The Burmese government promoted the agreement as proof that it is doing right by the Rohingya, a persecuted minority that is denied citizenship rights and freedom of movement in Burma. The United Nations has celebrated it as a major first step that would help secure the future of the Rohingya in Burma. 

But no outside observers are able to verify the claims: The agreement has been kept unusually secret. 

The three parties that signed the memorandum of understanding — the U.N. refugee agency, or UNHCR; the U.N. Development Program; and the Burmese government — have declined to make the text of the agreement available to those who have asked to see it, including journalists, other U.N. officials and U.N. donor countries such as the United States.

Nongovernmental organizations, including Refugees International, have urged that the text be made public and warned in a statement that “conditions for Rohingya in Myanmar remain appalling,” referring to Burma by its official name. A statement from about two dozen Rohingya organizations across the world also raised concerns about keeping the text secret.

“All previous records showed that the U.N. agencies, including UNHCR as the agent of the interest of the international community, could not provide adequate protection to the Rohingya returnees due to obstinacy of the Myanmar government,” the groups said. “We are intrinsically aware of the false promises of the Myanmar authorities who are characterized by cheating and brutality.”

A Western diplomat closely following the negotiations said the United Nations has withheld the text of the agreement at the request of the Burmese government and called the lack of transparency “problematic.” The diplomat, who was not authorized to discuss the issue publicly, spoke on the condition of anonymity.
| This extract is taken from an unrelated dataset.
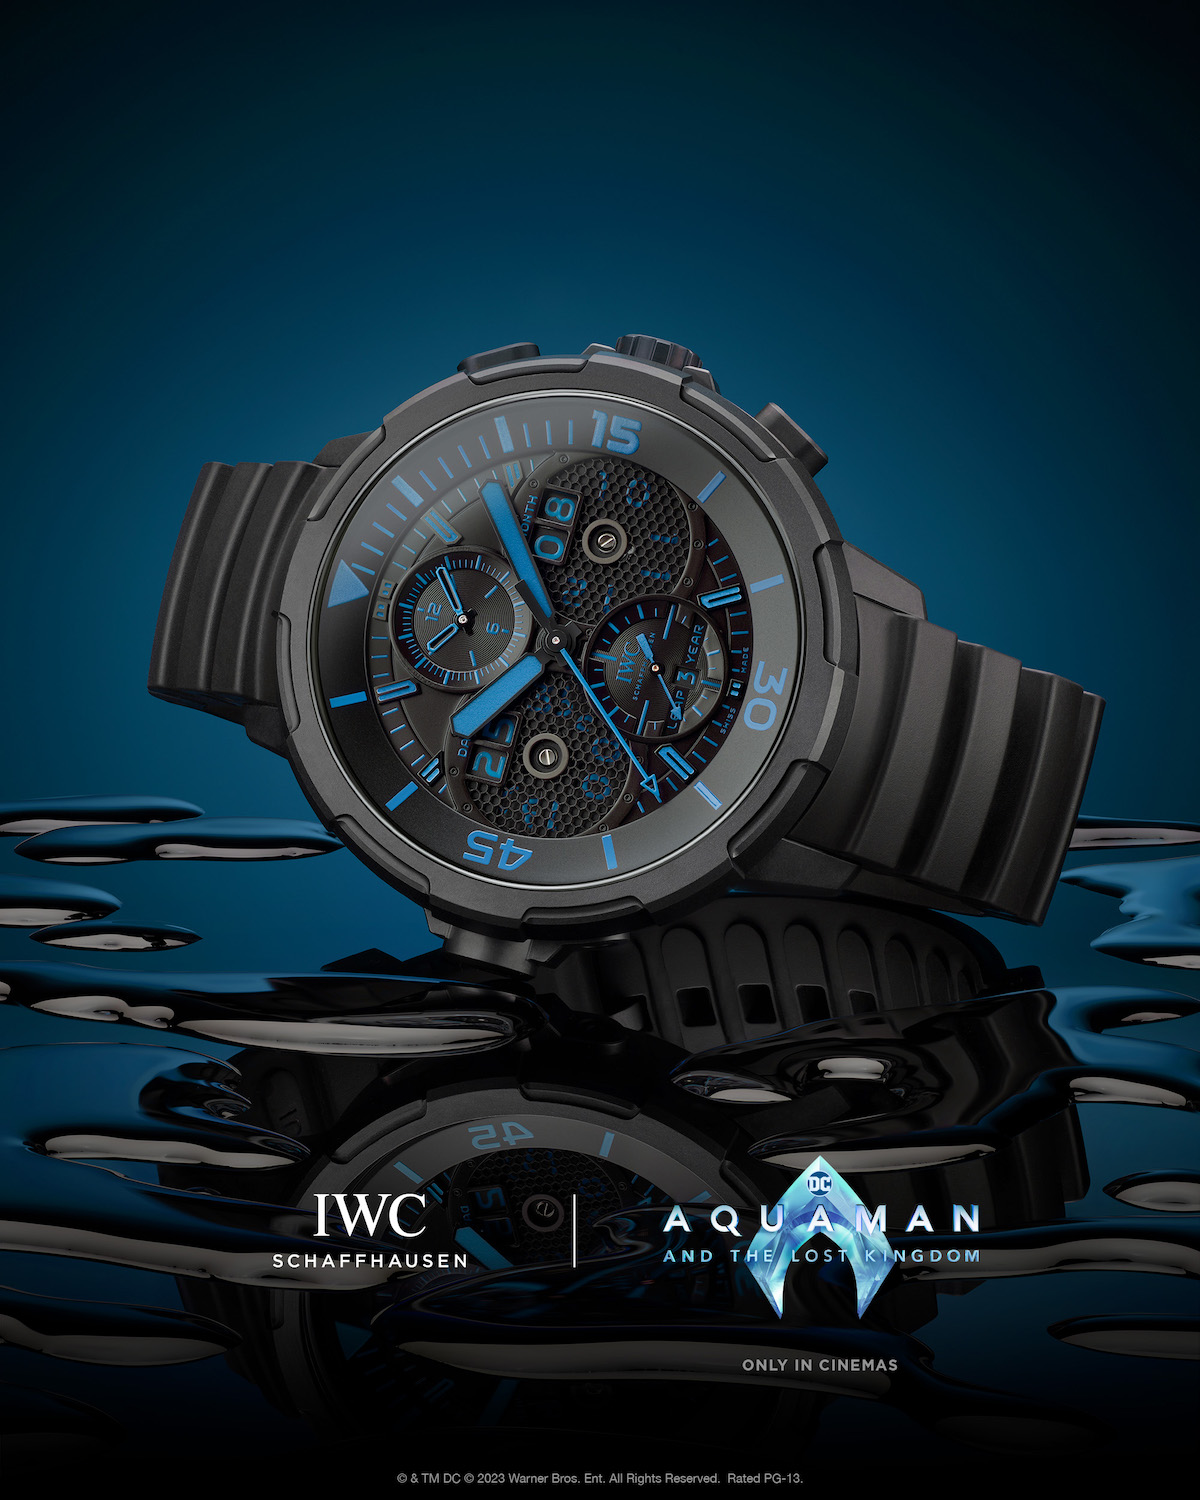 IWC Aquatimer Aquaman 2 5

A spokesman for the Burmese government could not be reached to comment. 

In response to questions from The Washington Post, Knut Ostby, the U.N. resident and humanitarian coordinator in Burma, said the UNHCR, the UNDP and Burma's government are in “discussion about publicly releasing the contents of the MoU.”
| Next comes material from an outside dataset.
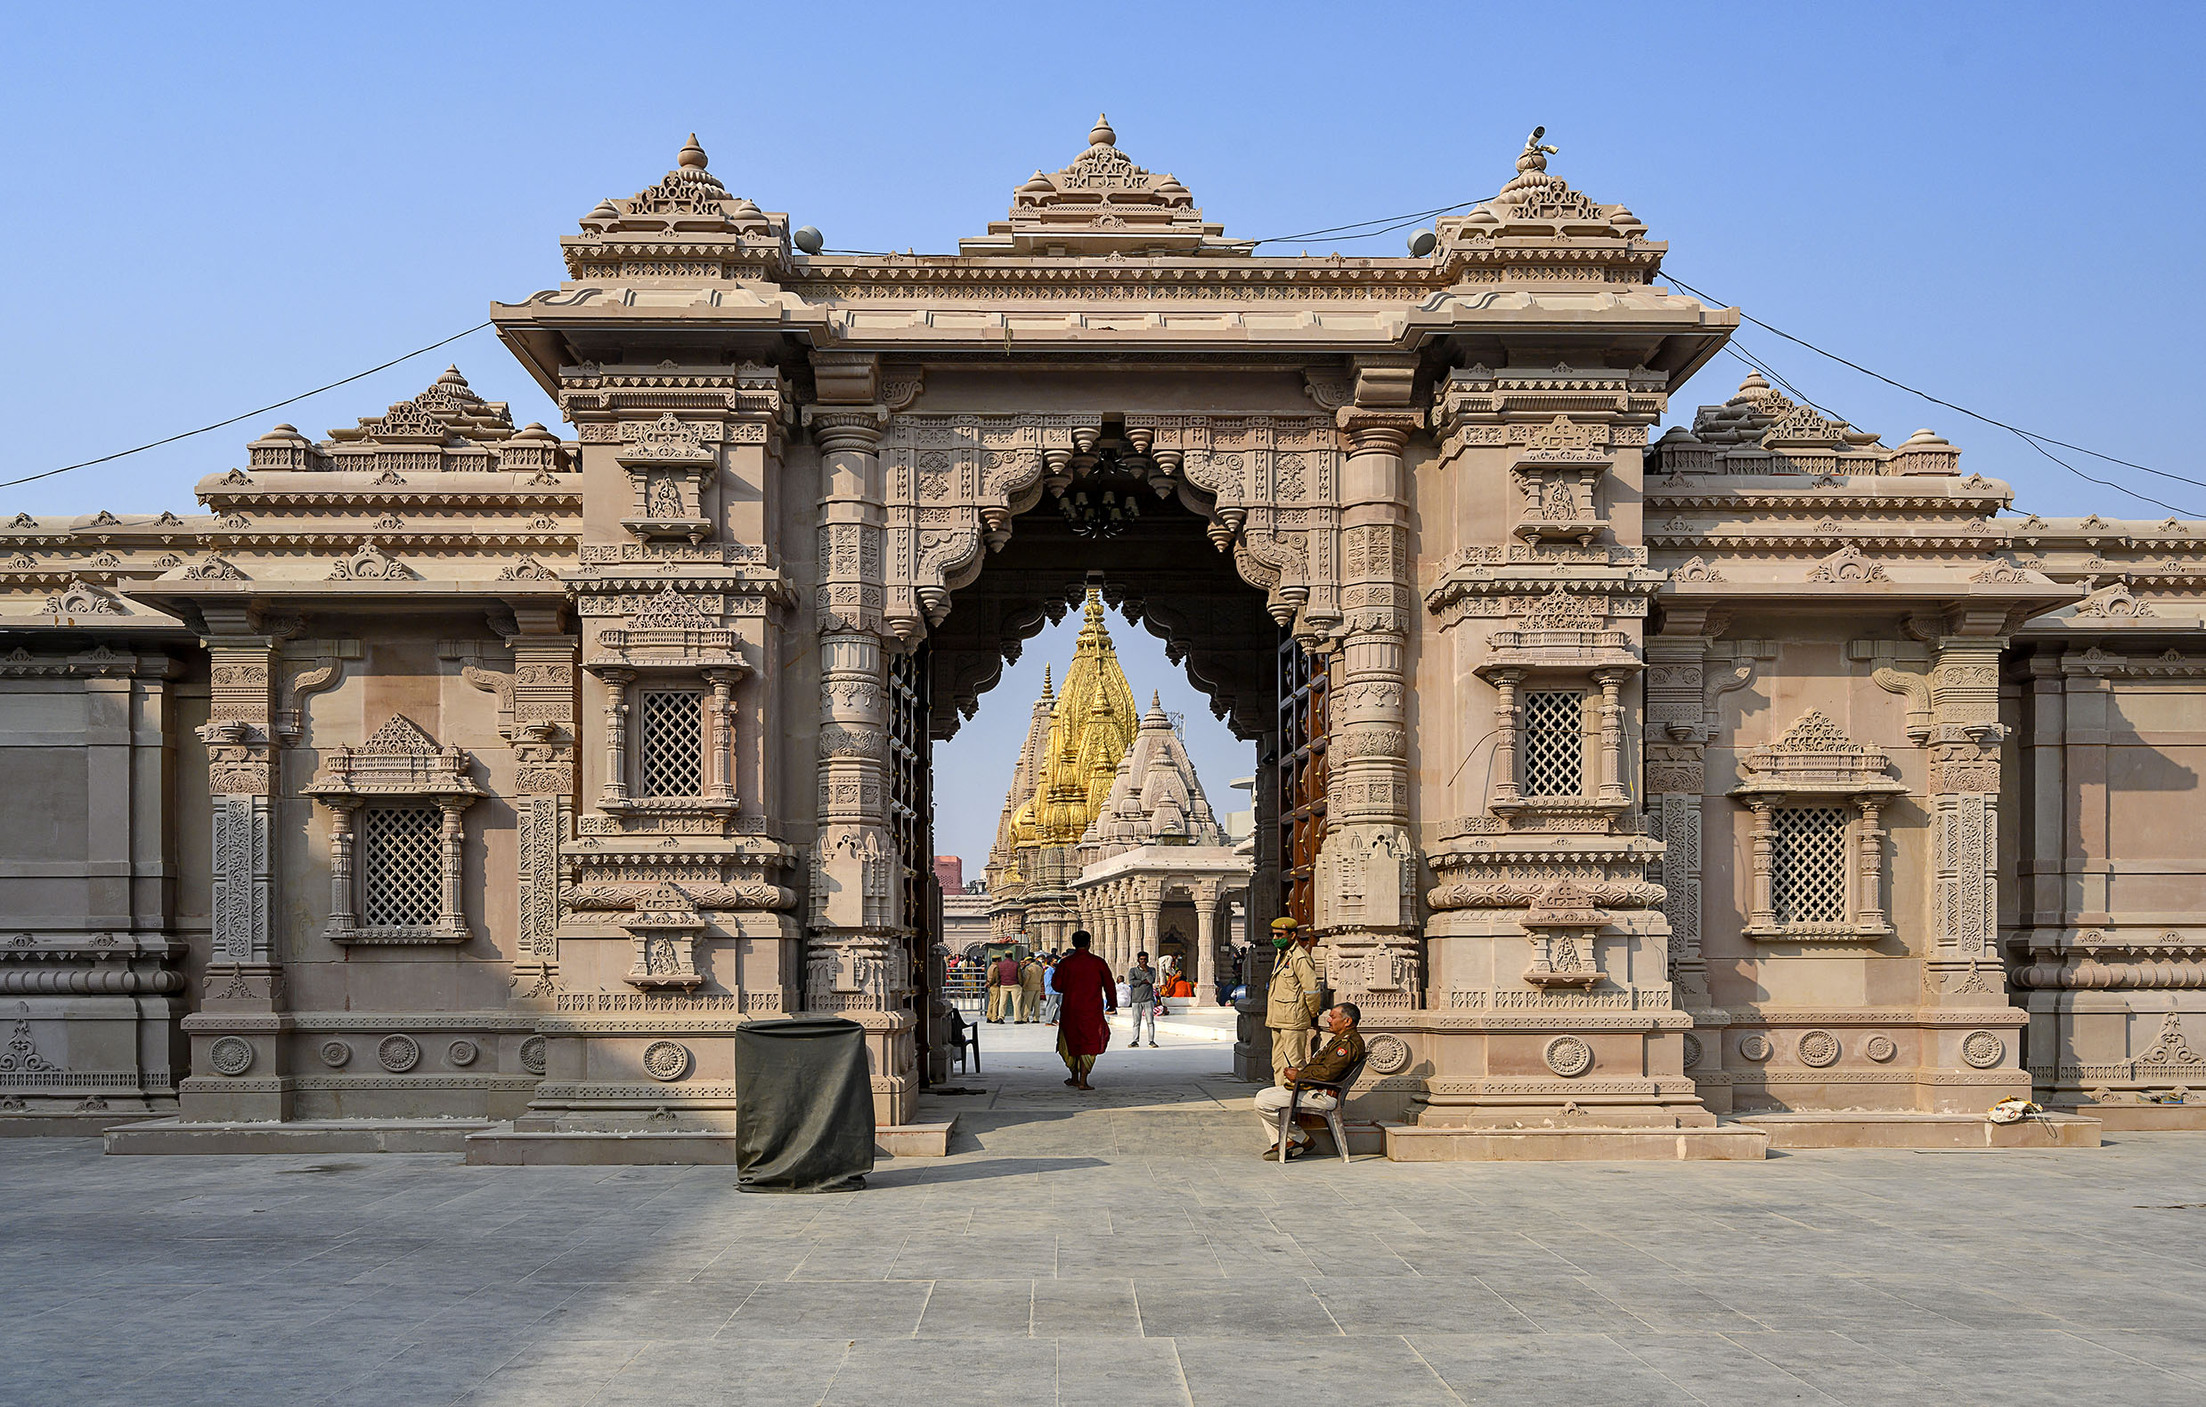 Shri Kashi Vishwanath Temple

“Such a decision would require consent of all three parties,” he added.

Negotiations between the U.N. agencies and the Burmese government took about four months, with especially heated discussions about the issues of citizenship and identity for the Rohingya. Most Burmese, including Aung San Suu Kyi and other government officials, do not even use the term “Rohingya.” The U.N. news release on the resettlement agreement referred to the group as “refugees in Bangladesh.”

Ostby said in an interview before the signing of the agreement last week that both sides eventually agreed that the Rohingya need to have “an identity and need to exist as normal people.”

He also said that the agreement specifies that the Rohingya need to be able to live in safety and be provided basic services, including access to work and shelter. “We have requested and agreed that there should be a clear and predictable pathway to citizenship,” Ostby said.

But no details have been provided by the United Nations, which will not be handling the citizenship verification process, or the Burmese government. And a statement from Suu Kyi’s office on the repatriation agreement simply refers to the Rohingya community as “displaced persons” rather than using the word “Rohingya.”

In an interview with the Japanese broadcaster NHK, Suu Kyi pointed to the agreement as a sign that Burma's government has “carried out all [their] responsibilities” toward the refugees, and she urged the international community to study its text — the same text that has not been made public.

The Rohingya refugees themselves doubt that the government can ensure their safety. Many fled amid atrocities that allegedly included rape, torture and extrajudicial killings at the hands of the Burmese military, carried out in response to attacks by a militant group on police posts in Rakhine state.

The United Nations has not negotiated with the refugees themselves on the terms of their resettlement but says it can do so now because it will be granted access to northern Rakhine, where the attacks occurred. The area was all but sealed off after the violence in August.

“We have not been in a position to negotiate with refugees before this, but UNHCR will now be in a position to have these conversations,” Ostby added.